# Thread: The valid subsets and reccurence relation

1. ## The valid subsets and reccurence relation

Hi all.
I'm struggling with the one quite hard question for me:

Let I_n = {1,2,3,...,n} for n belong to N. A valid subset of I_n does not contain two numbers of the form x, x+1 for 1<=x<n. For example, {1,3,5} is valid but {1,3,4} is invalid.
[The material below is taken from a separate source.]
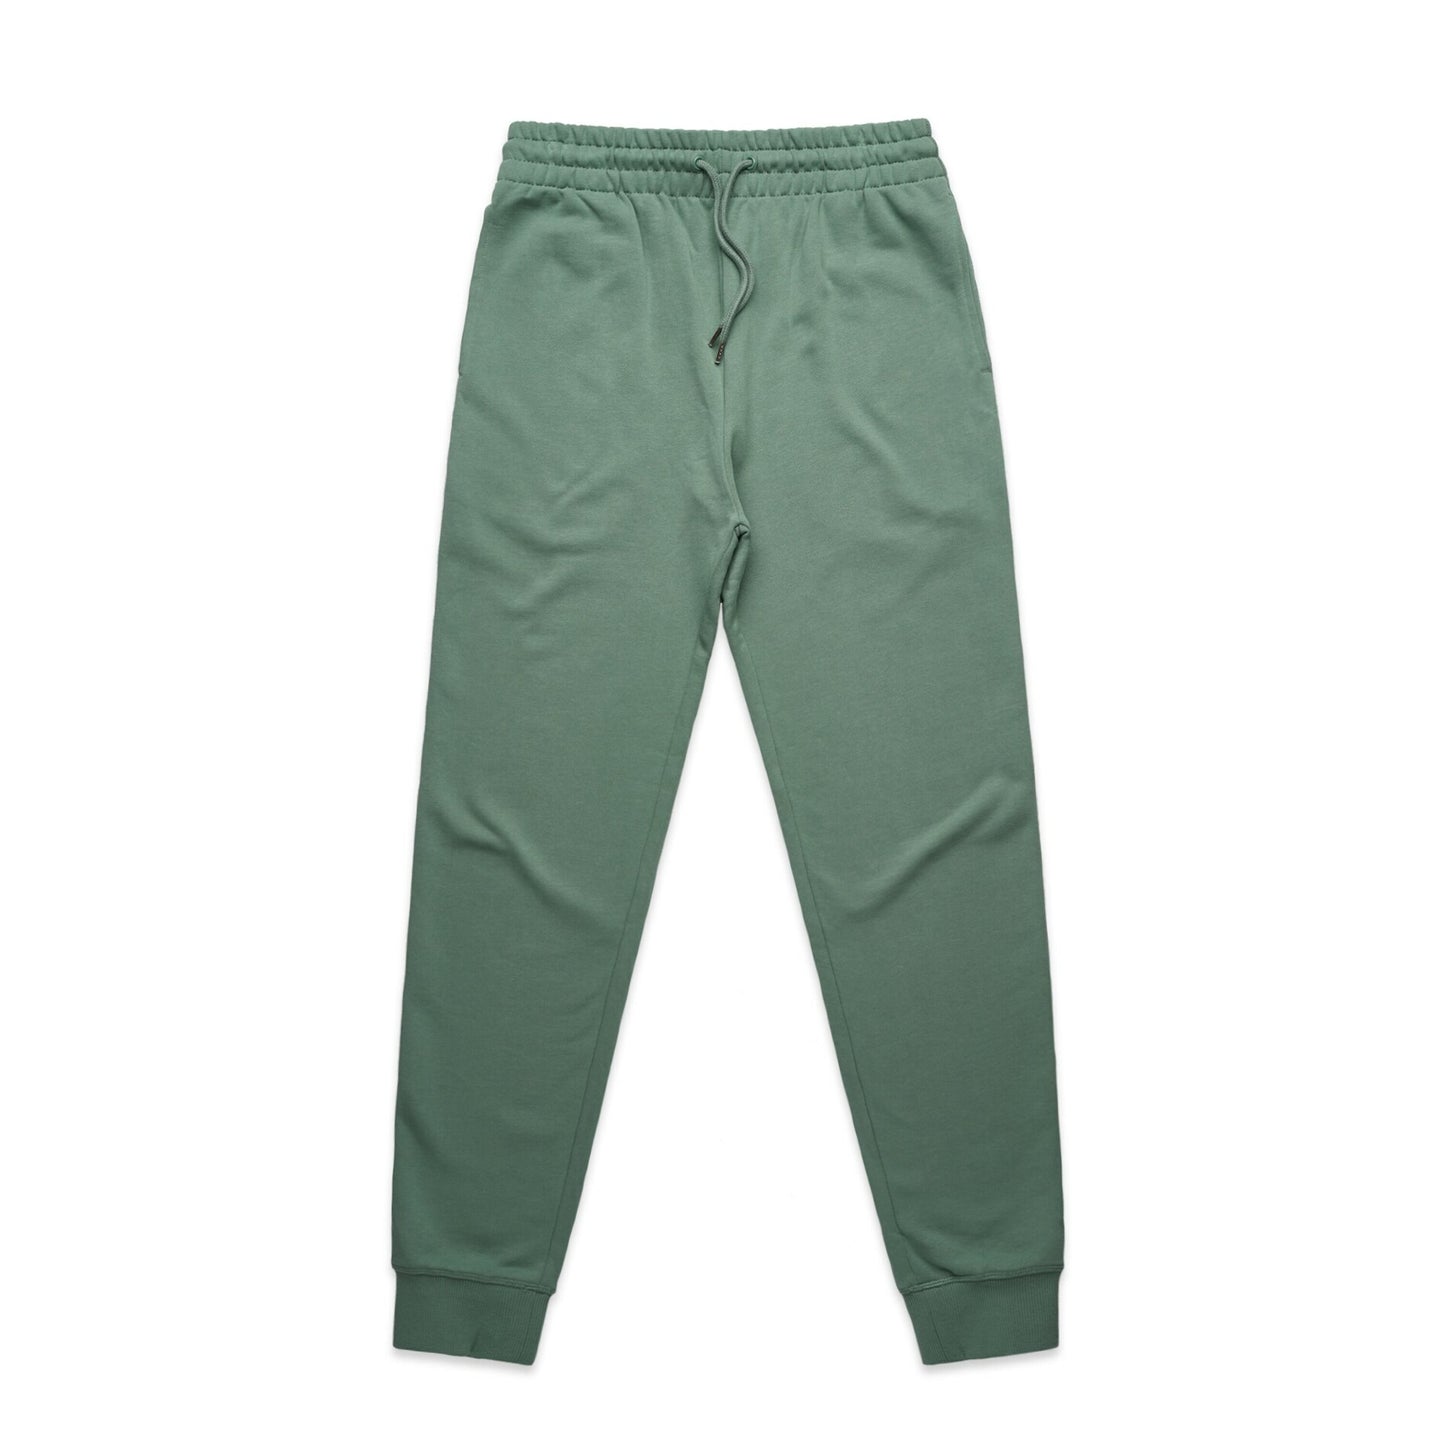 Ascolour Wo's Premium Track Pants (4920)

Let a_n denote the number of valid subsets of I_n.

How can i list explicitly the valid subsets of I_k for k<=4 ?
and how can i derive a recurrence relation for a_n (how can i obtain the formula)?

For any advice I'll be very appreciate

Regards

2. $k=0:$
The empty set matches the criteria, so $I_0 = 1$

$k=1:$
$\phi , \left\{1\right\}$
So $I_1=2$

$k=2:$
$\phi , \left\{1\right\},\left\{2\right\}$
So $I_2=3$

$k=3:$
$\phi , \left\{1\right\},\left\{2\right\}, \left\{3\right\}, \left\{1,3\right\}$
So $I_3=5$

$k=4:$
$\phi , \left\{1\right\},\left\{2\right\}, \left\{3\right\}, \left\{4\right\}, \left\{1,3\right\}, \left\{1,4\right\}, \left\{2,4\right\}$
So $I_4=8$

So we want to find a recurrence relation for $I_n$. We can observe that given $I_{n-1}$, $I_n = I_{n-1} + P(n)$
Where $P(n)$ is the number of valid subsets that do not contain $(n-1)$.
But it is easily seen that $P(n) = I_{n-2}$, and so we get:

$I_n = I_{n-1} + I_{n-2}$ , as expected.

3. Originally Posted by Snowboarder
Let I_n = {1,2,3,...,n} for n belong to N. A valid subset of I_n does not contain two numbers of the form x, x+1 for 1<=x<n. For example, {1,3,5} is valid but {1,3,4} is invalid. Let a_n denote the number of valid subsets of I_n.
Here is a way to see how the recursion works.
Let’s say $n\ge 3$. Any subset valid in $I_{n-1}$ would of course be valid in $I_{n}$.
Now subsets in $I_{n-2}$ do not contain the number ${n-1}$.
So if we form these unions, $J = \left\{ {\{ n\} \cup Y:Y \in I_{n - 2} \wedge Y} \text{ is valid}\right\}$ , that is we put ${n}$ into every valid set in $I_{n-2}$.
So now we have $a_{n}= a_{n-1}+a_{n-2}$.